**Your assignment**
Copying rule for the data below: take the line containing "JCT - Full zip" and every line after it to the end, exactly, and drop all pictures.

**Data segment**
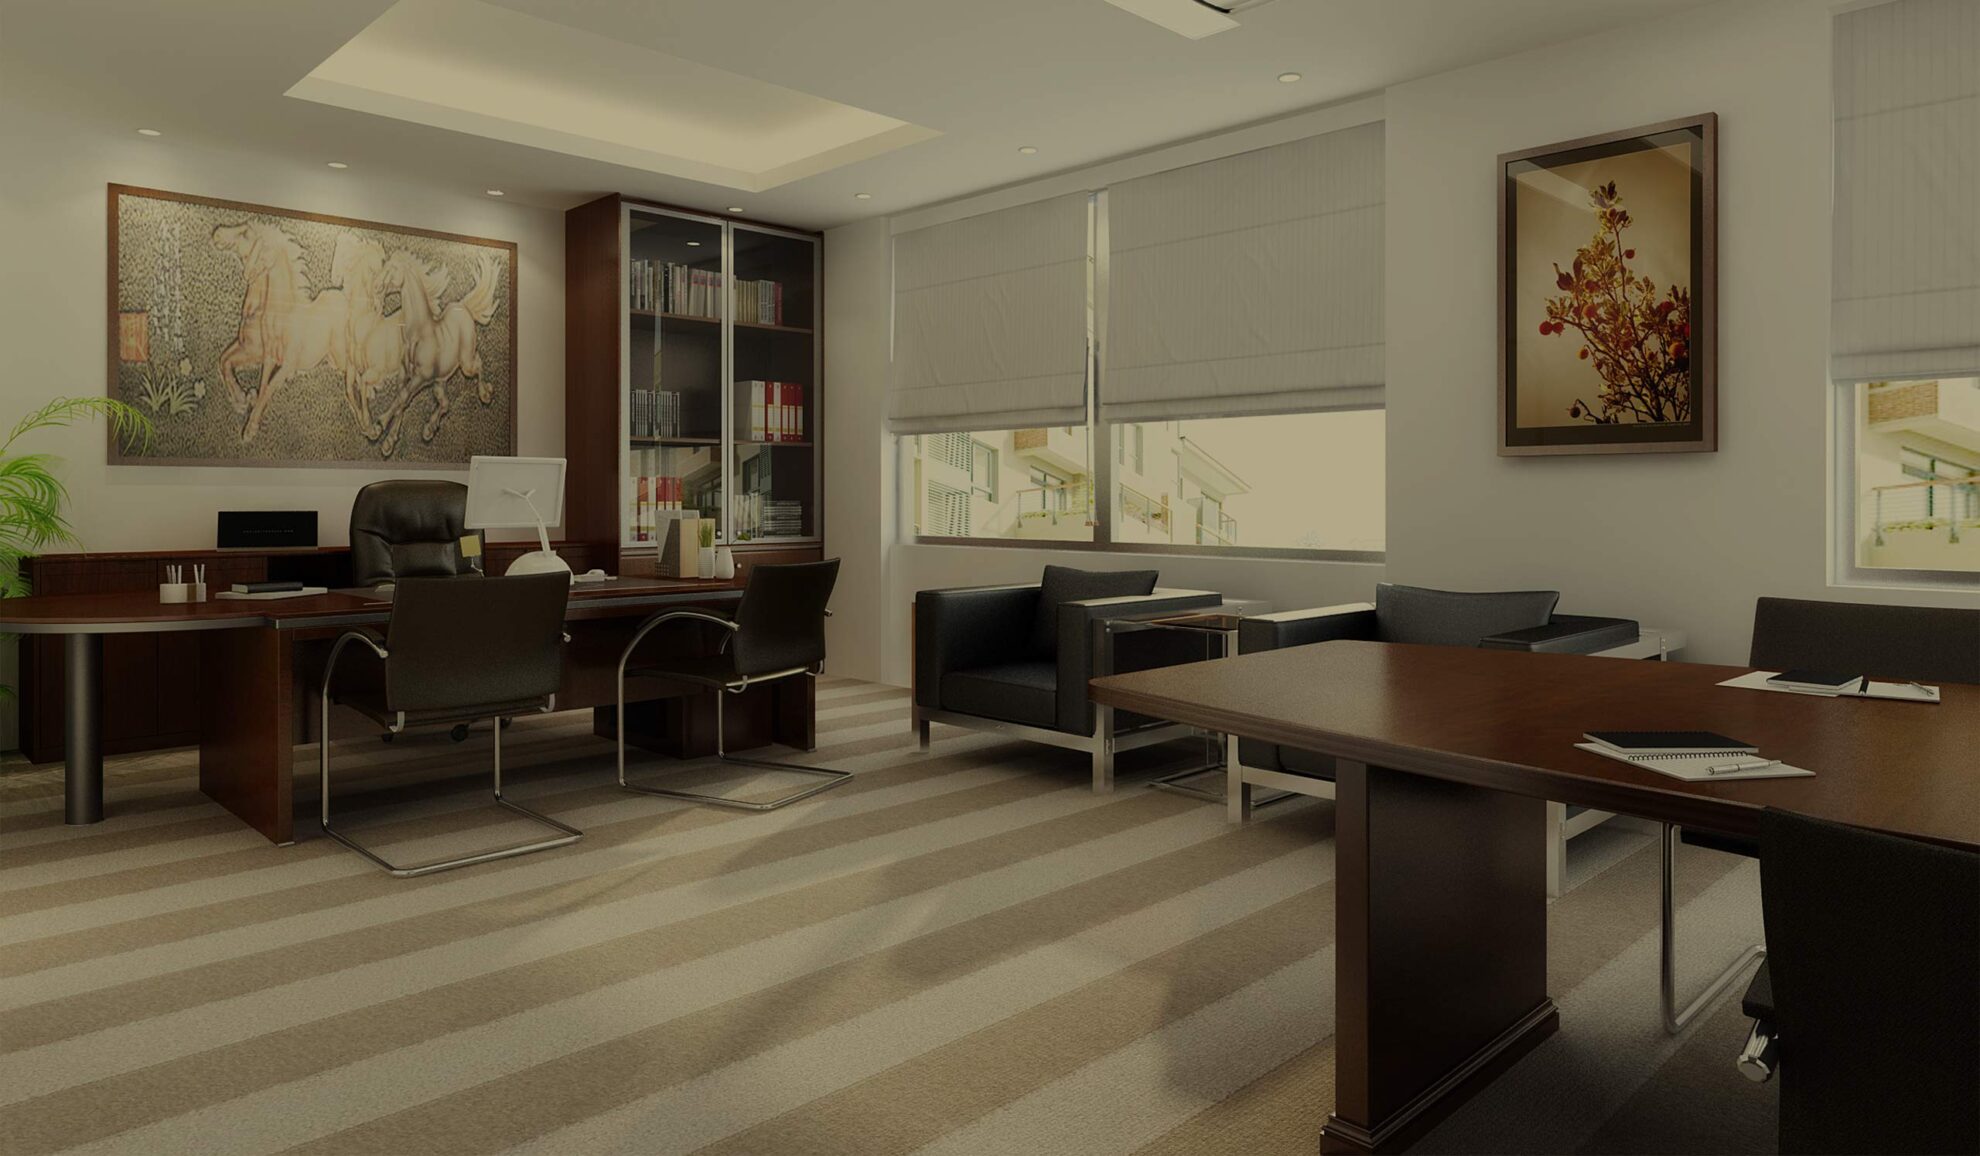 office interiors remodeled with new hardwood flooring and lighting fixtures rockaway nj
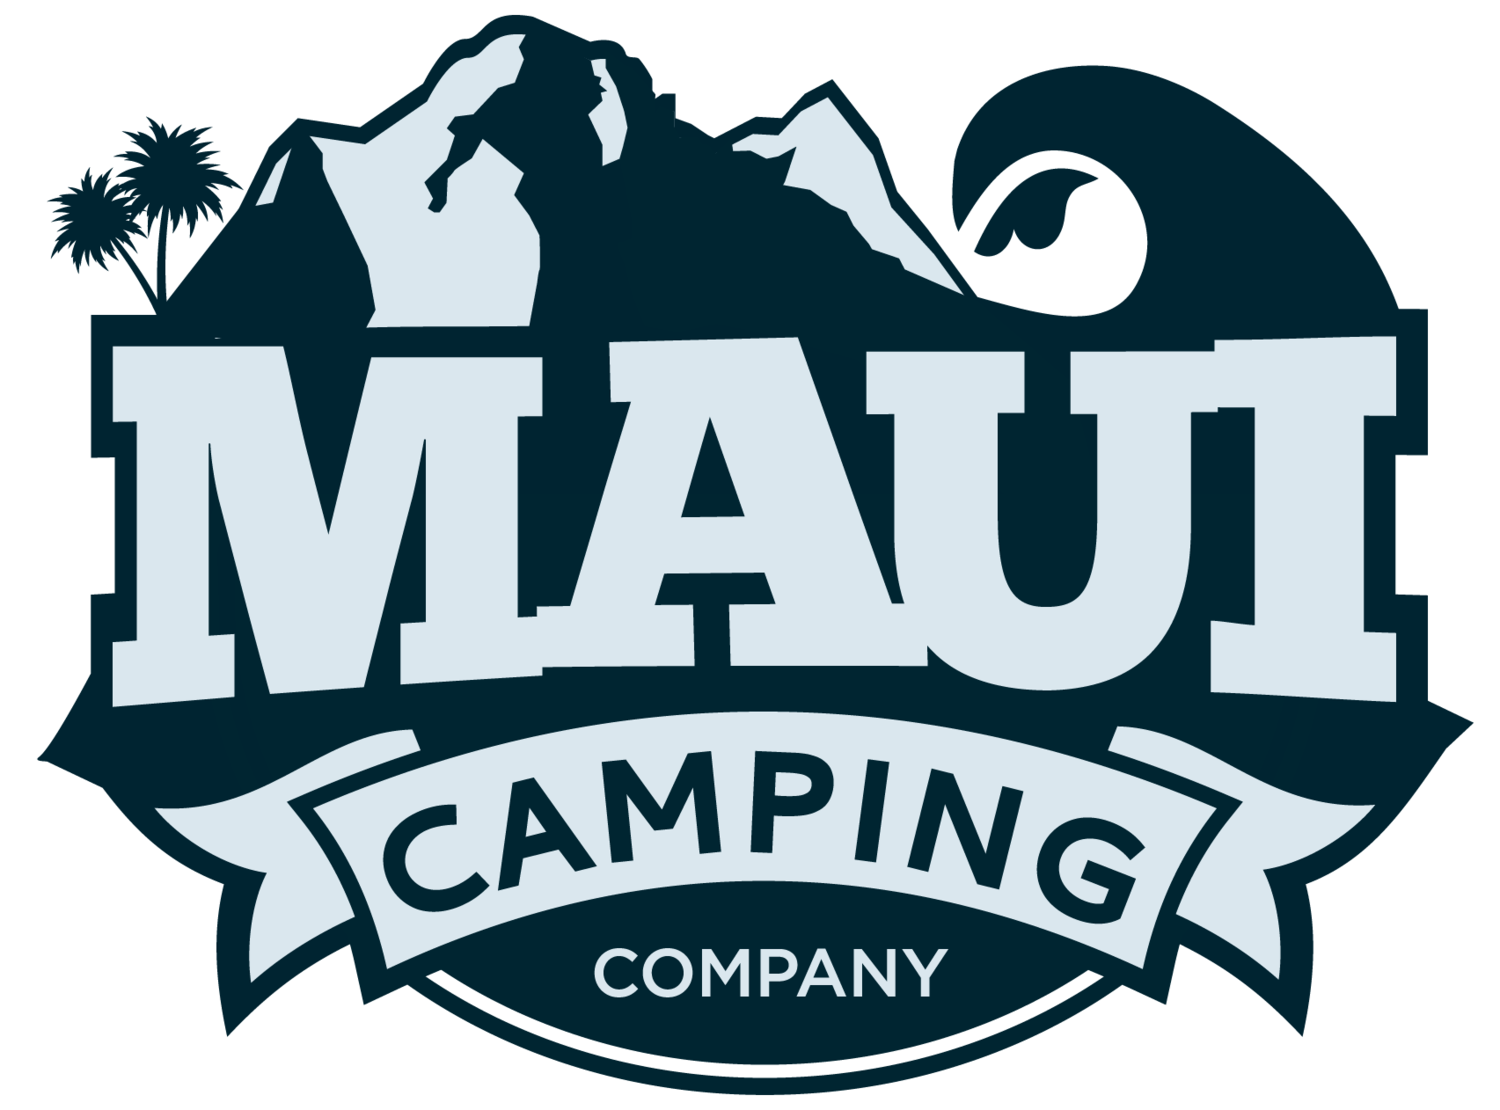 Camping company. Camper (Company). Maui .net логотип. Camp надпись. Co Camp.
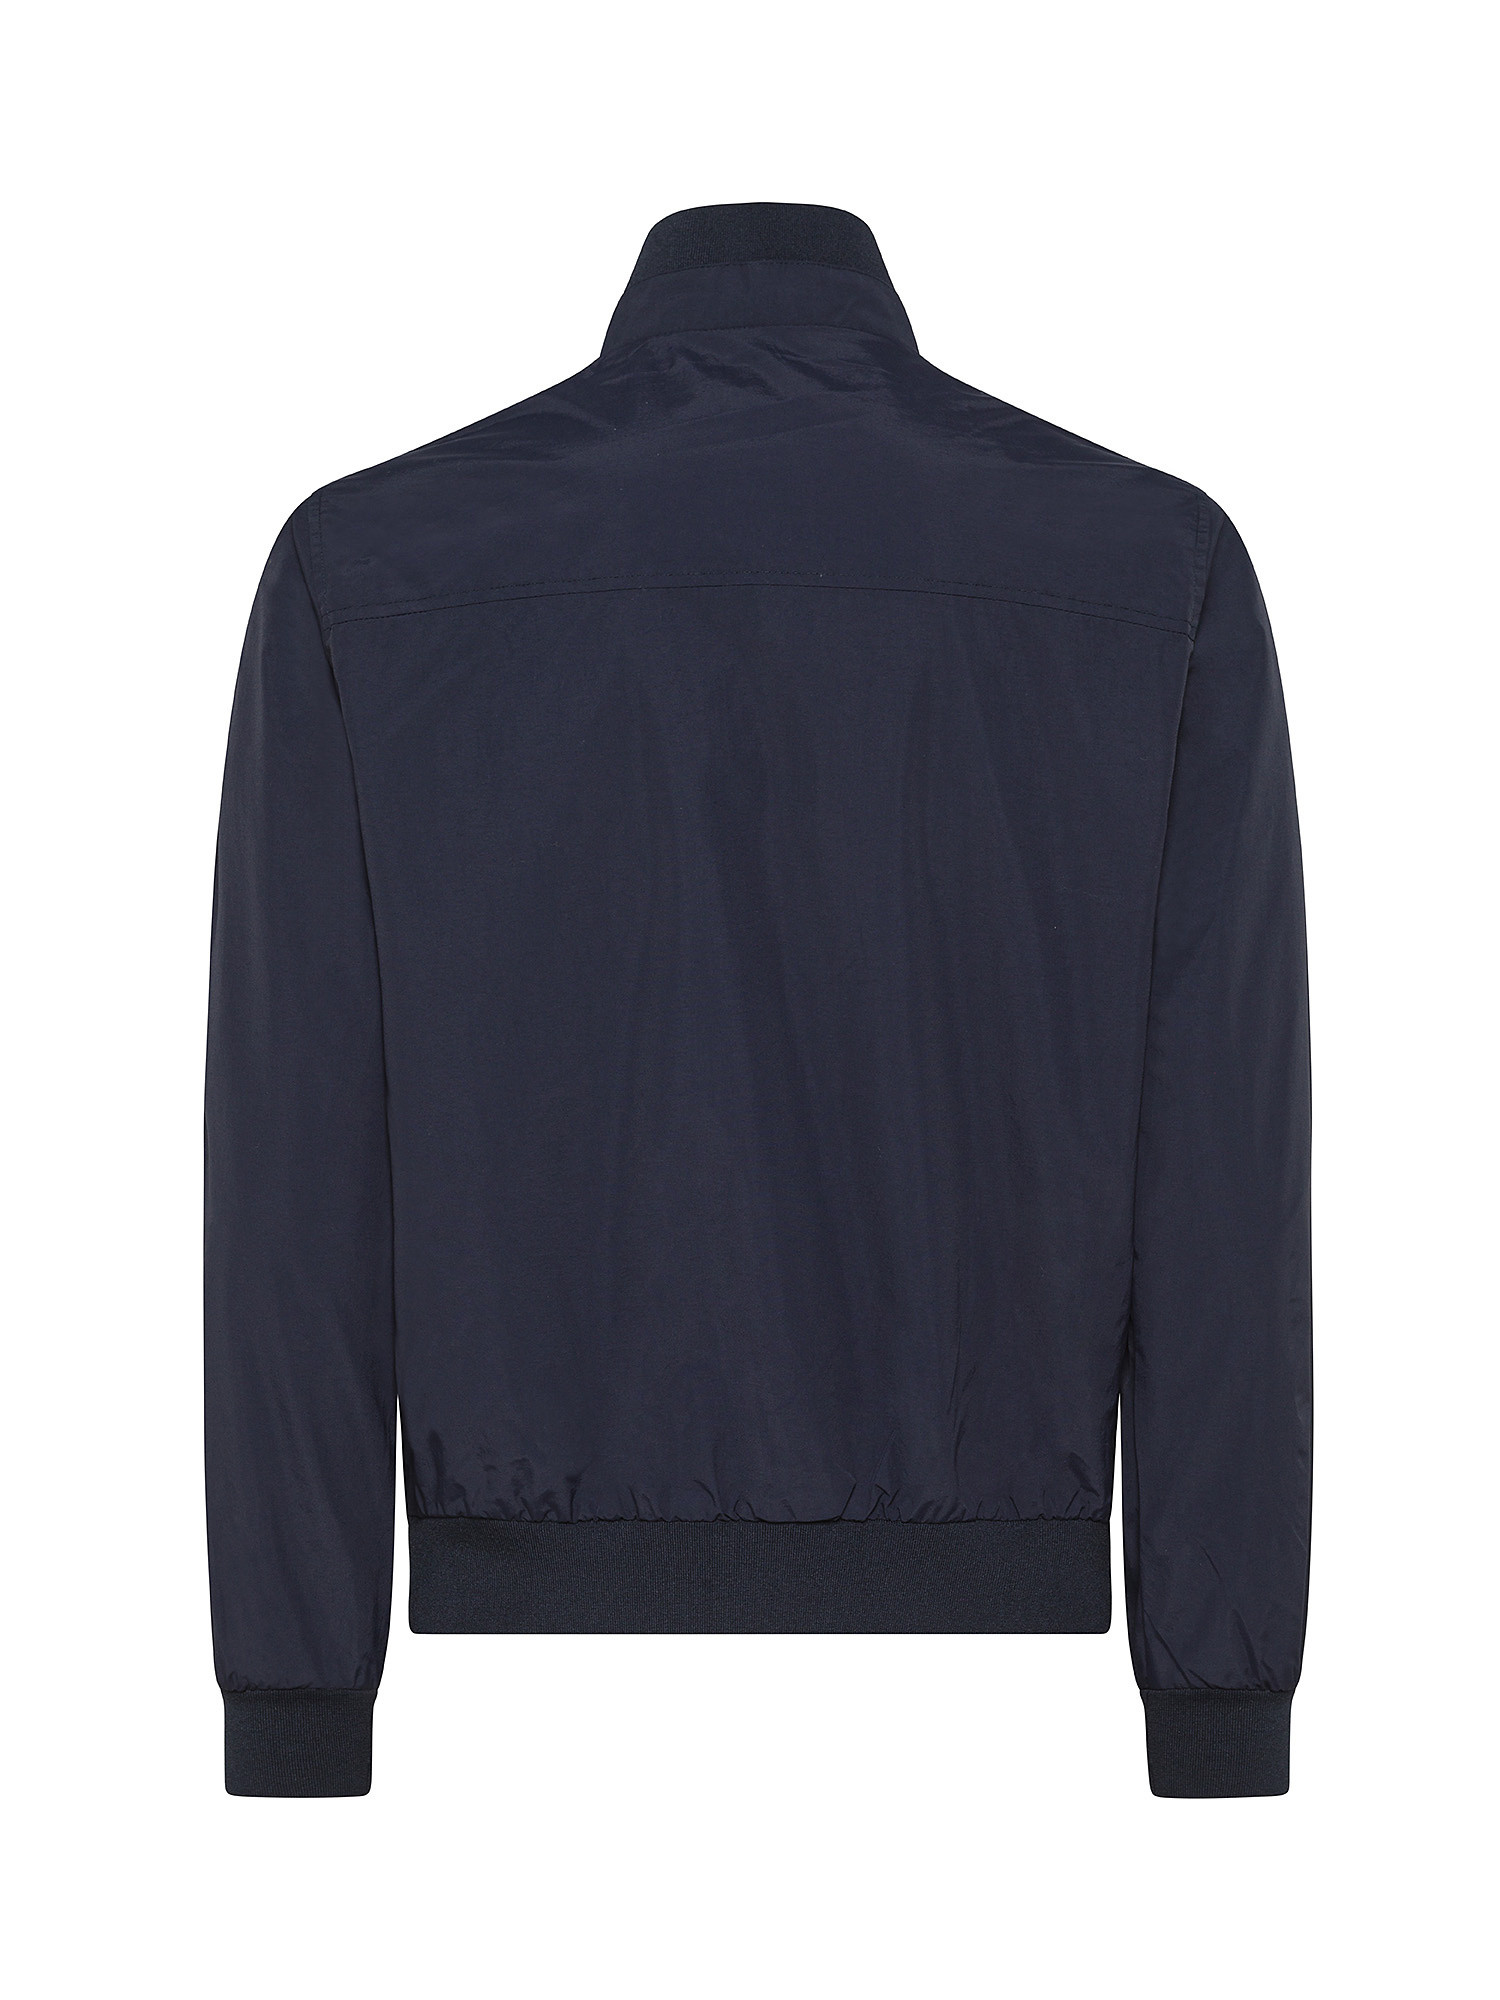 JCT - Full zip jacket, Dark Blue, large image number 1
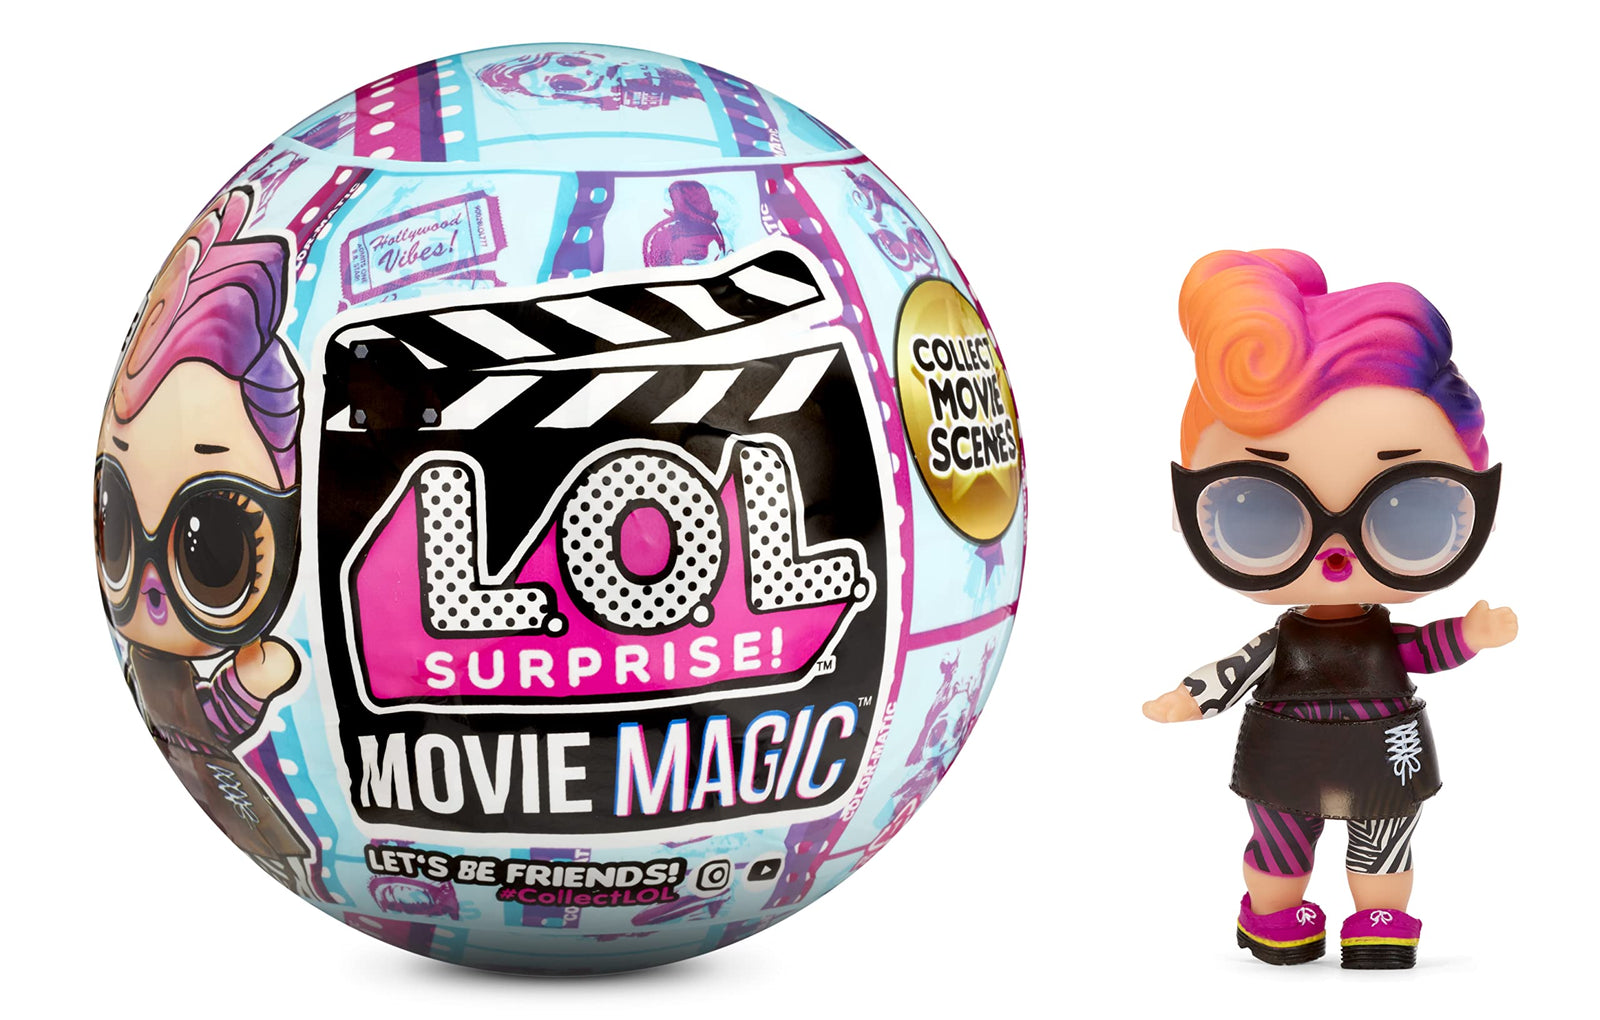 LOL Surprise Movie Magic Doll with 10 Surprises

**Answer area**
 JCT - Full zip jacket, Dark Blue, large image number 1
 LOL Surprise Movie Magic Doll with 10 Surprises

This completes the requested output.